After almost twenty two years, the wait is finally over. Rumour had been rife since 2007 that the release of a new My Bloody Valentine album was imminent. Since then, the band have played a number of live shows, released re-mastered versions of their back catalogue, and fuelled speculation that the follow up to their landmark Loveless album was on the way. Loveless remains arguably the most influential independent album of the last 20 years - it is difficult to quantify the impact and influence this one album had on the alternative music scene. Its release spawned a host of imitators and it is still regularly cited by music critics as one of the greatest albums of all time.
And so at 11.58pm on the 2nd February 2013, the much anticipated mbv was released through the bands website with little or no fanfare.
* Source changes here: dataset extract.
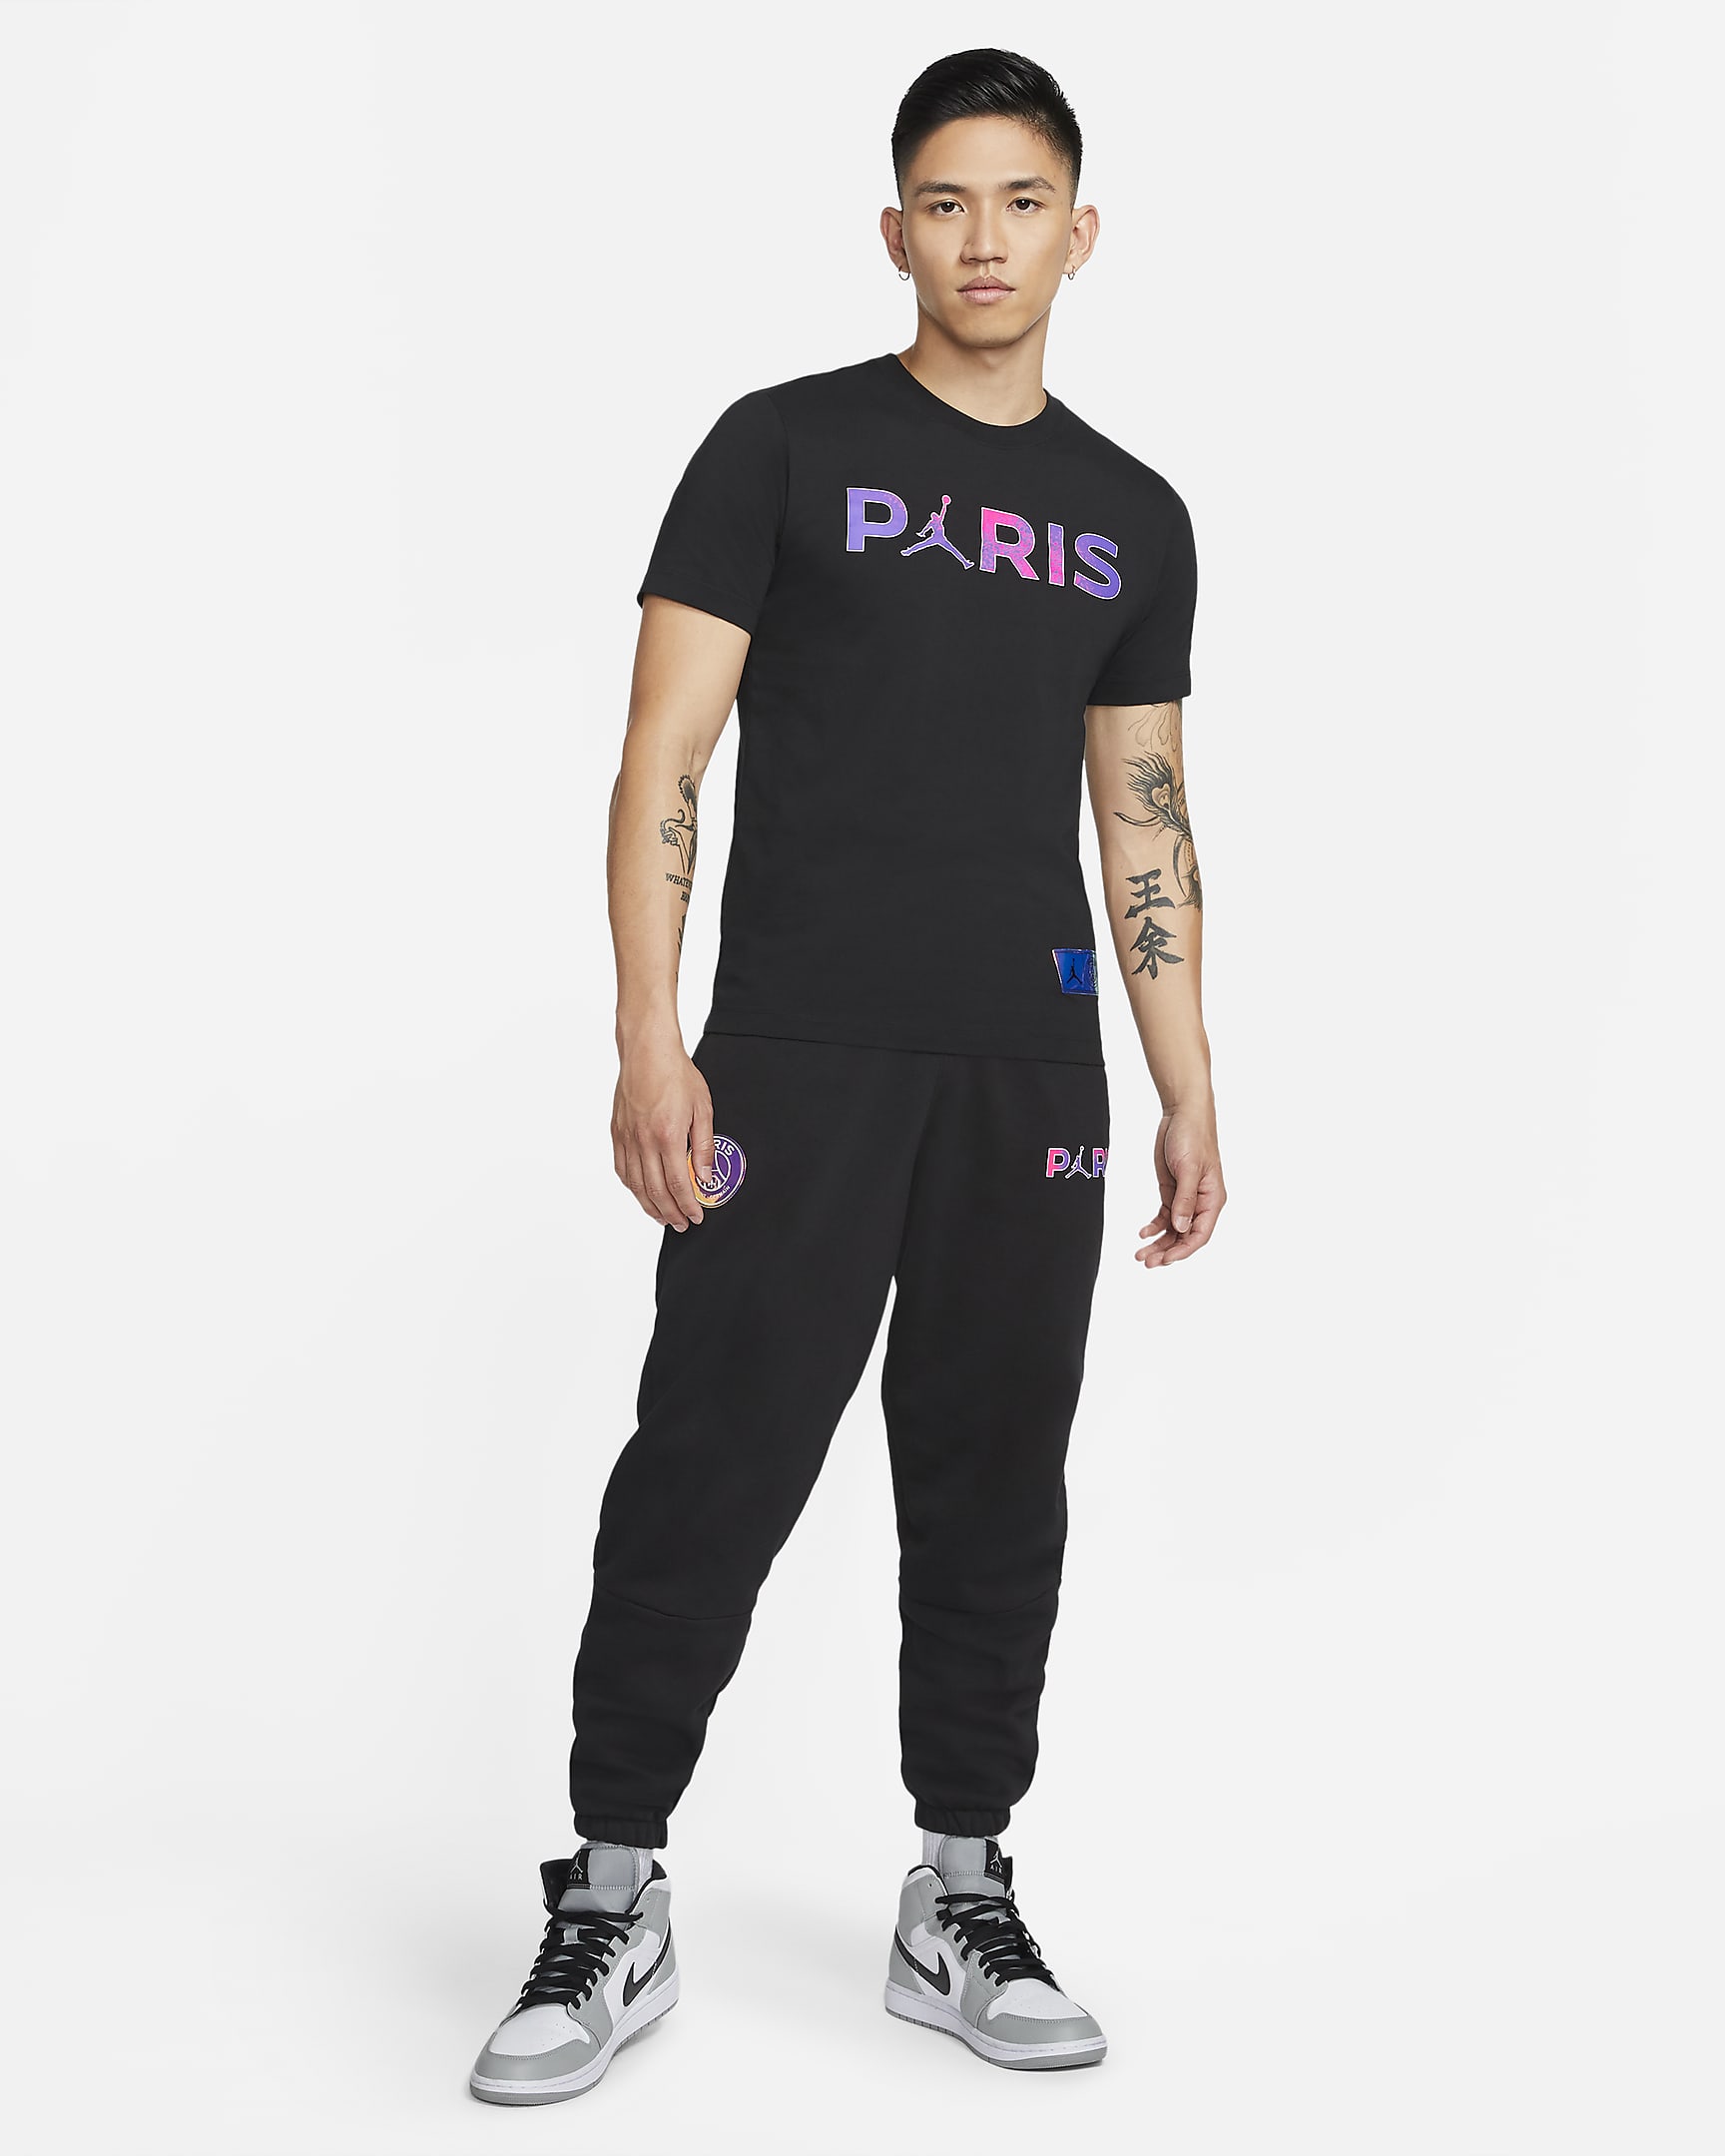 Paris Saint-Germain Men's T-Shirt. Nike AU

Was it worth the wait? Unquestionably, yes - mbv successfully reclaims their oft imitated sound as their own while offering a tantalising glimpse of a new and pioneering direction for the band. It is a reminder that nobody has ever really got close to successfully imitating the glorious noise they made and as such, is defiantly and uniquely a My Bloody Valentine album, closed off from all influences during the time they were away.
The opening trio of songs maintain a direct lineage to the Loveless era -so we get the familiar blurred and woozy strum of distorted guitars, the vaguely narcotic, dreamy vocals buried deep in the mix and the deceptively beautiful melodies submerged beneath hazy washes of the sweetest noise.
The heady swoon of 'only tomorrow' stands out as an early highlight, parachuting the listener right back to 1991 when My Bloody Valentine were in their pomp; 'who sees you ' continues in the same vein, reassuringly familiar, like the band have never really been away. Tracks four to seven mark a slight shift in emphasis, stopping off in a halfway house between the old and potentially new incarnation of MBV.
But it is the final three tracks of this album that will provoke the most discussion among fans as they undoubtedly herald a potentially new and perplexingly different direction for a band that have never been afraid to push the boundaries. 'nothing is' is a punishing three and a half minutes of a repeated, bludgeoning riff and closing track 'wonder 2' is sonically bewildering -a skittish beat underpins a song that hurtles along at a frenetic pace sounding for all the world like it was recorded in a wind tunnel.
mbv was never likely to recapture shock and awe that Loveless delivered some twenty two years ago but in many ways it exceeds what we could reasonably expect after such a protracted absence. It is challenging, daring and displays no signs that the intervening years have blunted the bands creative edge - in short, it is defiantly MBV to its very core.